Planning consultant for the application, Clyde Shanks, told the committee: “The report specifically considers viability impact on funding and operational charges in incorporating social and affordable housing within the development mix.

“It demonstrates that the introduction of social and affordable housing renders the development scheme unviable, notwithstanding there is no existing demand policy to provide social and affordable housing on this particular site.” He said Belfast was the only city of its size in Britain and Ireland not to have a build-to-rent development.

SDLP Councillor and committee chair Carl Whyte said: “It is the first time I have been the chair of this committee where I actually feel the committee has been instructed almost in the tone of the presentation. Judging by the reaction of other councillors here, they share that.”

He added: “I don’t remember sitting through a presentation where a committee that actually has the power to make the decisions was instructed - that’s how it felt - to make a decision one way or the other.”

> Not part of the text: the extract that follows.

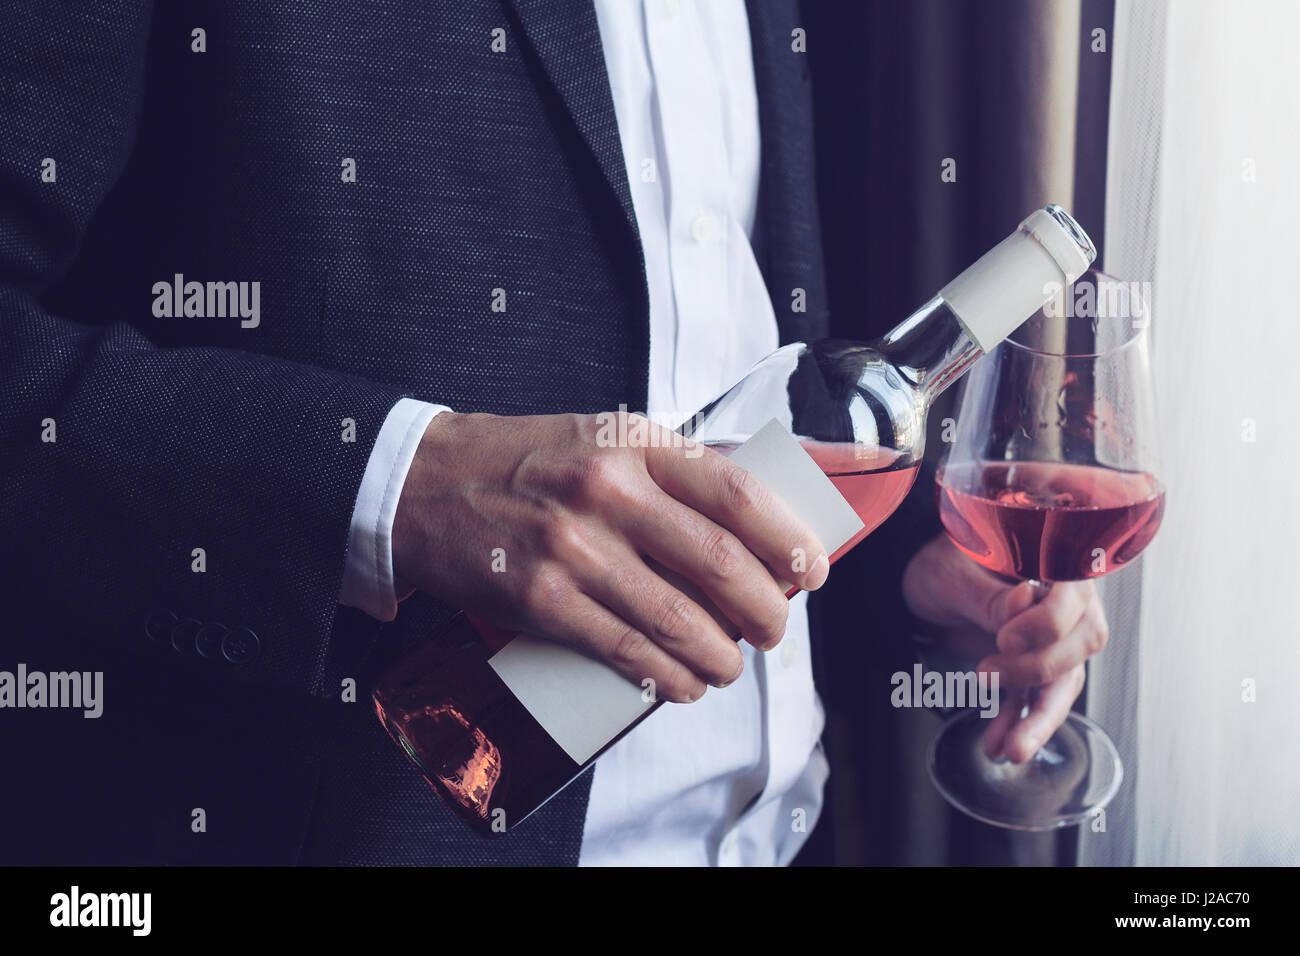 Horizontale Nahaufnahme von kaukasischen Mann im schwarzen Anzug und weißes Hemd strömenden Roséwein Stockbild

Green Party Councillor Áine Groogan said the planned residential amenity space was “a fishbowl.” She added: “I appreciate what has been said about what people want to invest in. But there is a difference between what people want to invest in and what people want to live in.

“And with the number of one person-one bedroom apartments, I struggle to see what need that is meeting, beyond students.”

People Before Profit Councillor Matt Collins said: “With The direction of travel that the city centre is going, it seems to me that if certain forces have their way, if certain developers have their way, there will be a lot of student accommodation, a lot of private rental accommodation, but very little in the way of social housing. That is not going to rebalance the housing situation to where we need it.”

Royal Mail have written to the council airing concerns about noise impact on the new development, and asking for conditions to be placed on the plans. The council report states: “The updated noise impact assessment confirms impact of Royal Mail’s existing operation on the proposed development and provides proposed mitigations to deal with the noise impact.

“Royal Mail asks that if the planning permission is recommended for approval the planning conditions are recommended to protect future occupiers to avoid any future complaints and protect Royal Mail operations.”

The report states Royal Mail is asking that “noise insulation measures for the development be submitted and approved in writing by the council, while submission of noise mitigation measures, as set out in the noise impact assessment, should be installed and agreed in writing with the council and be implemented and permanently retained thereafter.”